In Aachen werden die ersten Studierenden zwar erst im Februar 2015 in die Schulen gehen. Die Vorbereitungen aber sind längst angelaufen.

So schloss die RWTH im Dezember 2011 einen Kooperationsvertrag mit den Zentren für schulpraktische Lehrerausbildung (den früheren Studienseminaren) in Aachen, Jülich und Vettweiß. Nichts weniger als ein „Meilenstein” auf dem Weg zur Verbesserung der Lehrerausbildung sei die Übereinkunft, teilte die RWTH dazu mit.

Dr. Ursula Boelhauve ist Geschäftsführerin des Lehrerbildungszentrums (LBZ) der RWTH, das sich als zentrale wissenschaftliche Einrichtung fachübergreifend um die berufsfeldorientierte Lehramtsausbildung an der Hochschule kümmert. Boelhauve erwartet viel von dem neuen Praxissemester: „Wir schaffen eine neue integrative Verbindung von Theorie und Praxis.”

Ein vorgezogenes Mini-Referendariat sei dieses „innovative Element” der Lehramtsausbildung aber keineswegs, betont sie. Vielmehr biete das Praxissemester die Chance, unter Anleitung den Unterrichtsalltag frühzeitig und intensiv zu erproben.

Bis Februar 2015 sind es noch drei Jahre. Bis dahin sind in Sachen Praxissemester aber auch noch viele Einzelheiten zu klären. Damit ist unter anderem Jennifer Loew beauftragt.
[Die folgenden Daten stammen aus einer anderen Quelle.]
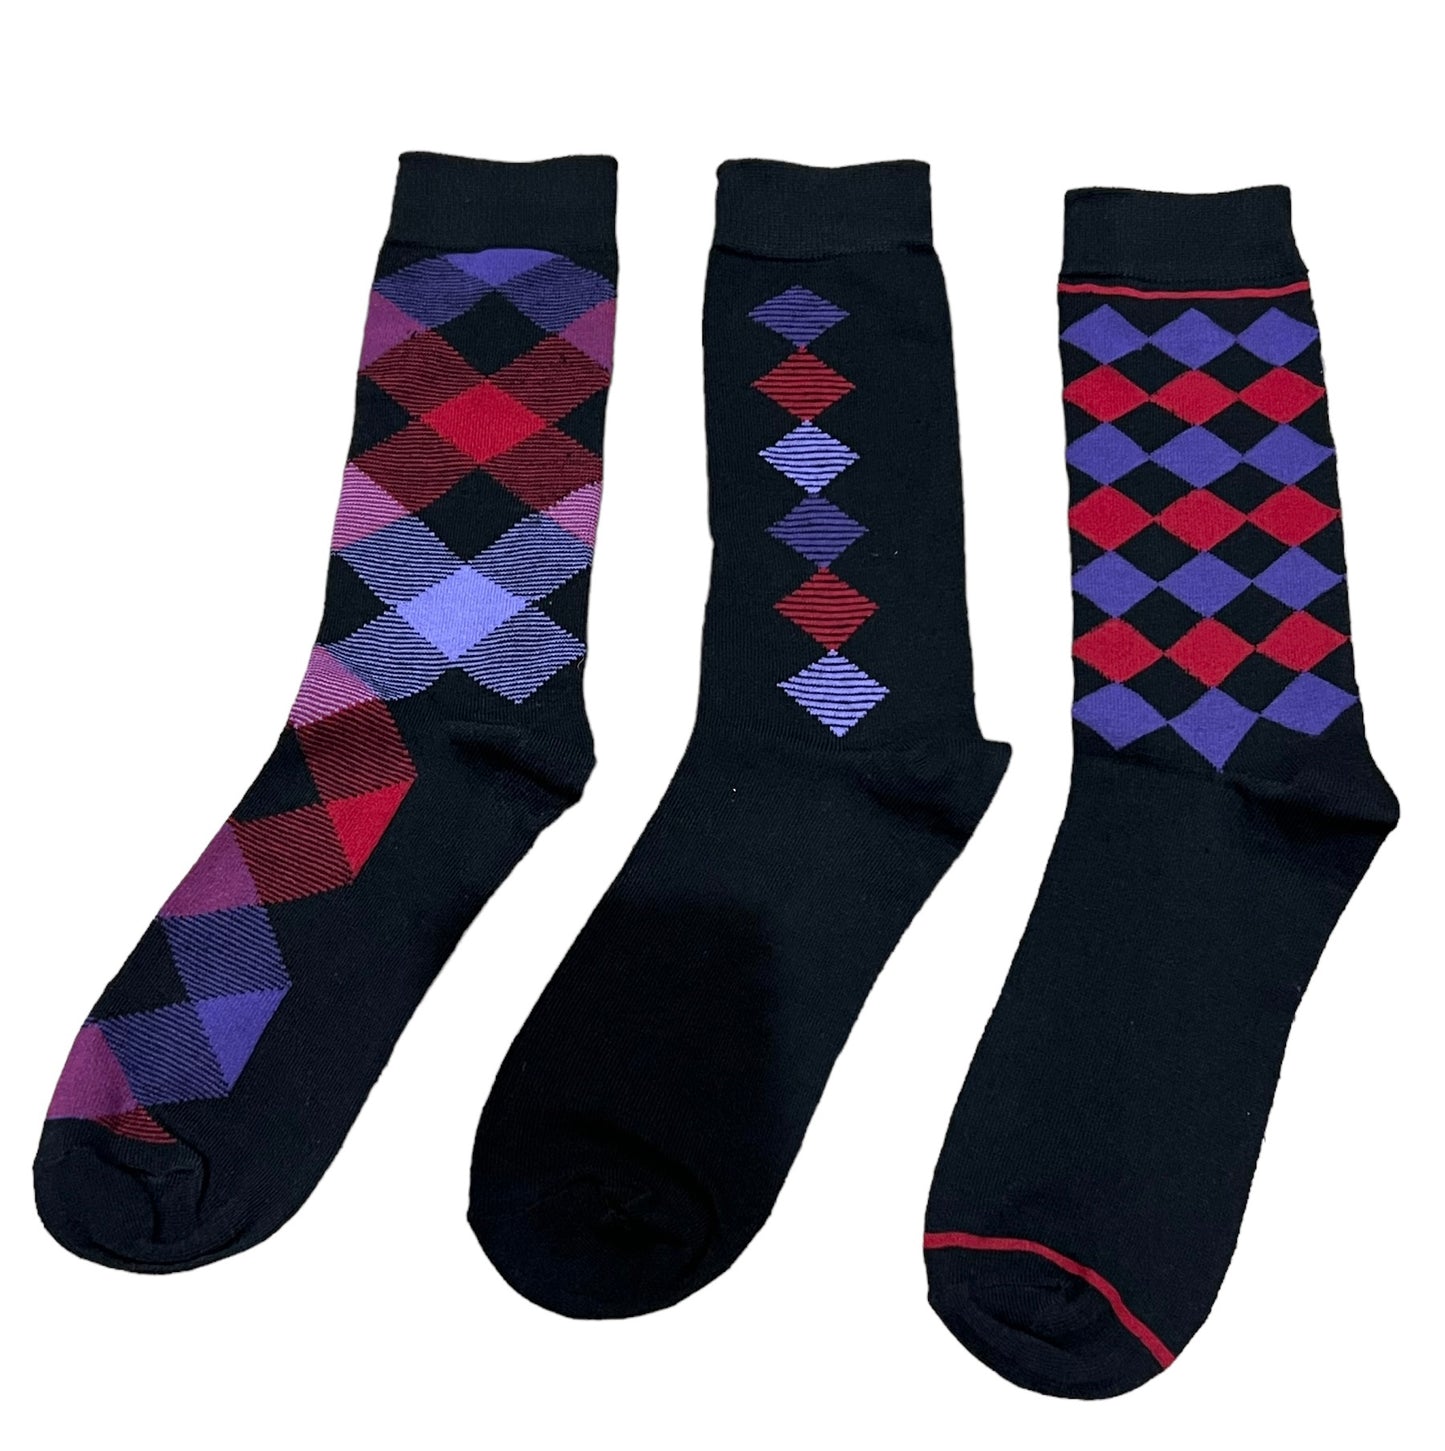 Argyle Assortment Fashion Socks in Black 3pr Pack

Sie betreut die beim LBZ angesiedelte Kooperationsstelle für das Praxissemester.

In fächerbezogenen Arbeitsgemeinschaften diskutieren alle Beteiligten, wie das Praxissemester in den einzelnen Fächern zu gestalten ist. „Das muss gut geplant werden”, sagt Loew.
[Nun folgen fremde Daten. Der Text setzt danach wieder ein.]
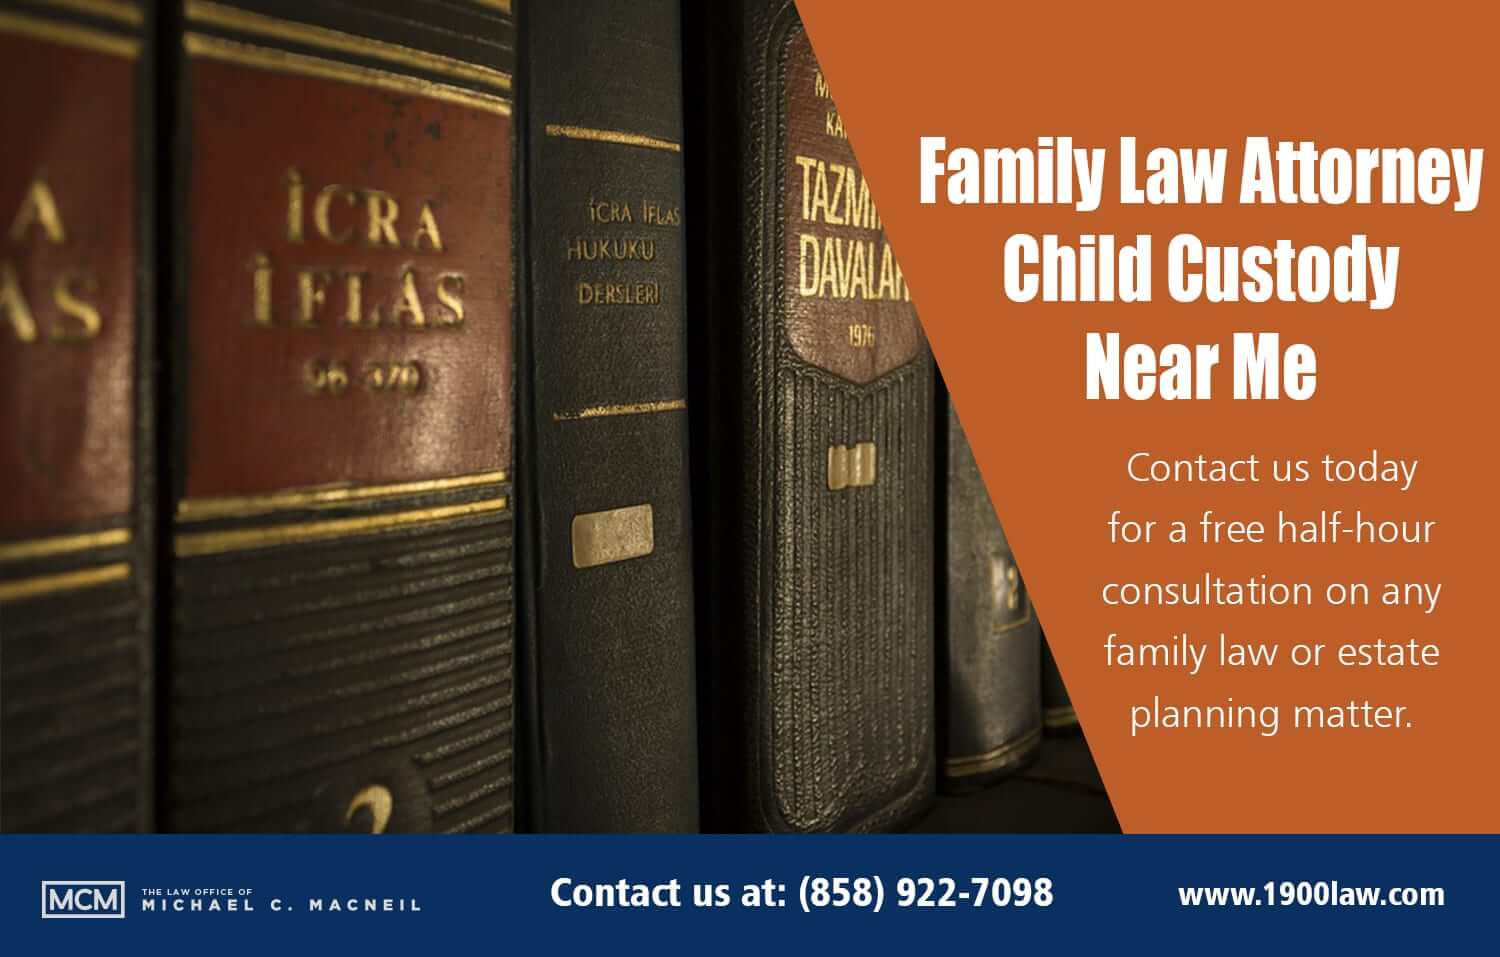 Family Law Attorney Child Custody Near Me

Auch Vertreter der Ausbildungsschulen sitzen mit am Tisch. Für die Schulen bringt das Praxissemester neue Herausforderungen - und mehr Arbeit. „Die Schulen sehen aber auch das Potenzial”, ist Loew überzeugt.
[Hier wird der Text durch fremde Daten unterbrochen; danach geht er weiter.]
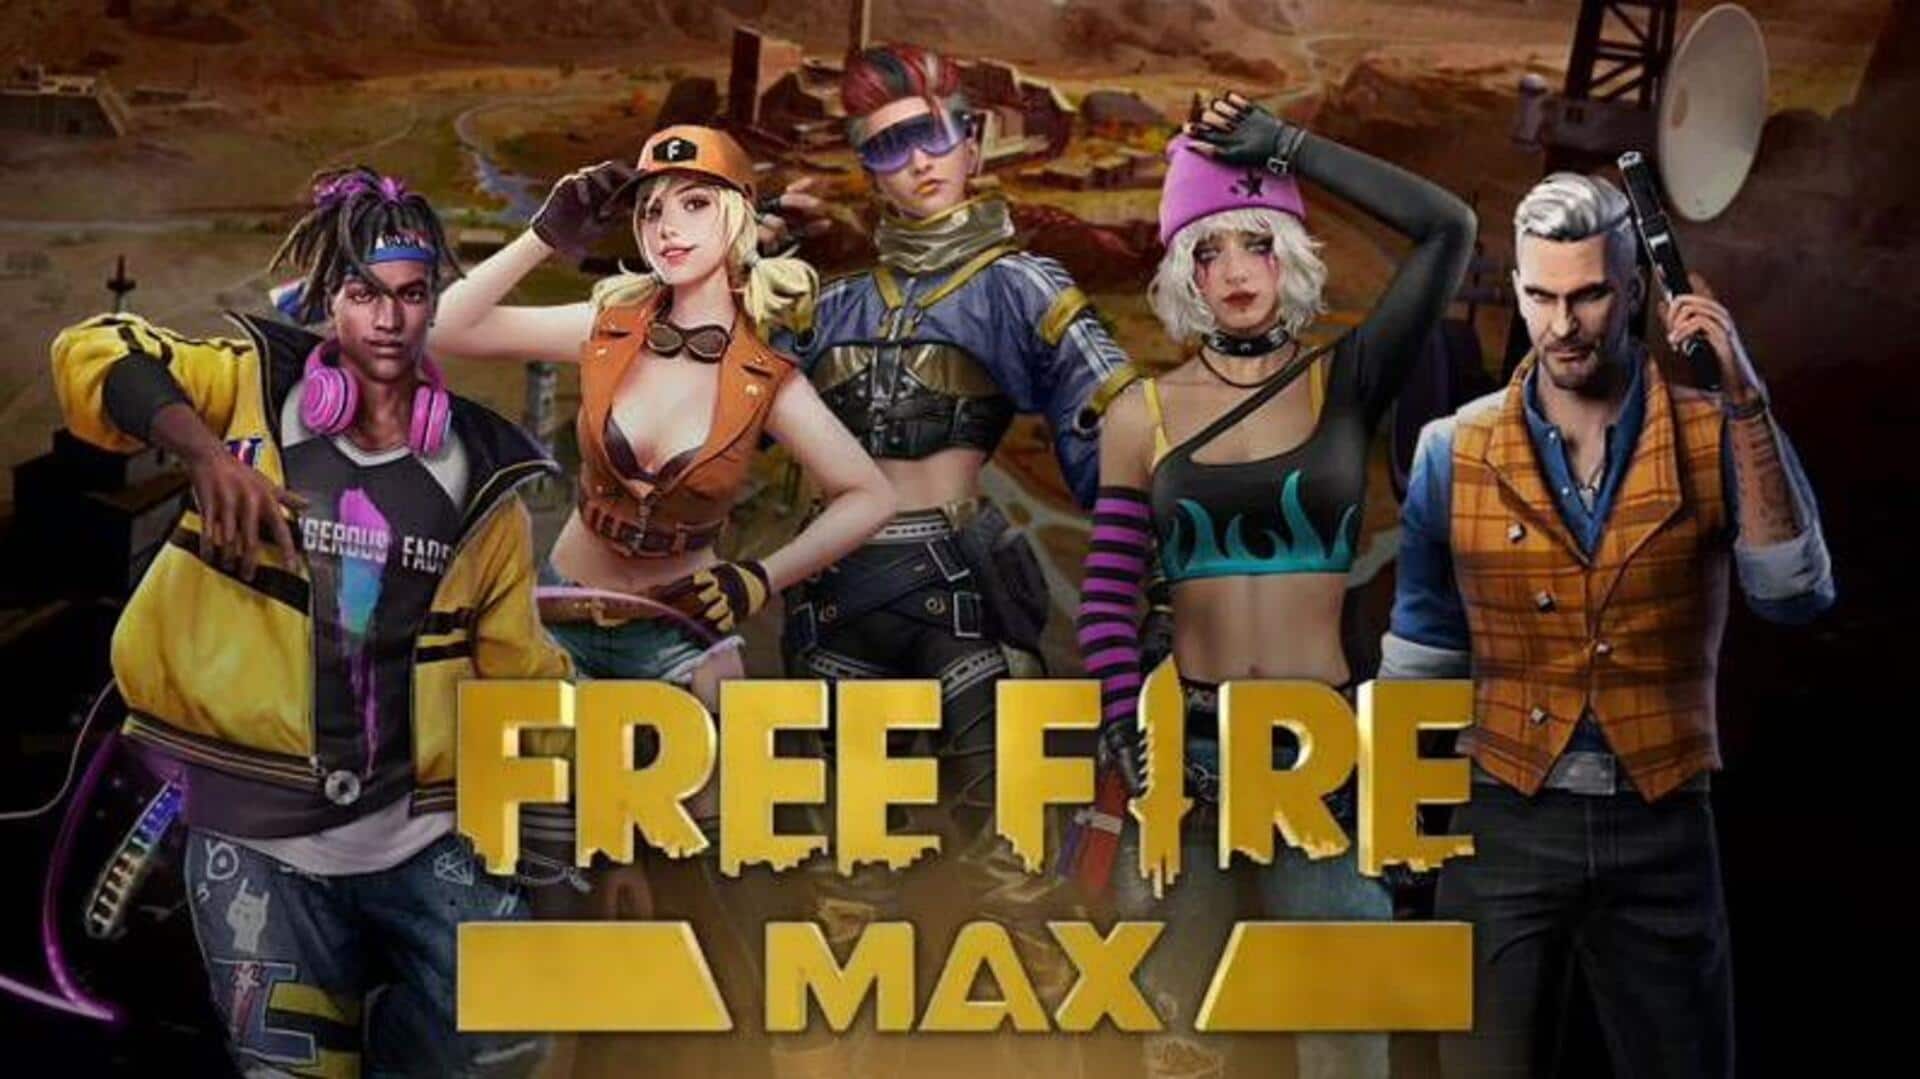 Garena Free Fire Max July 23 Redeem Codes

Und die Studenten? Viele haben in der Vergangenheit die Theorielastigkeit des Lehramtsstudiums bemängelt. Ursula Boelhauve ist deshalb zuversichtlich, dass das Praxissemester sehr gut angenommen wird.

Das Referendariat, das bisher zwei Jahre dauert, fällt durch die Reform der Lehrerausbildung allerdings kürzer aus: Der Vorbereitungsdienst dauert künftig 18 Monate.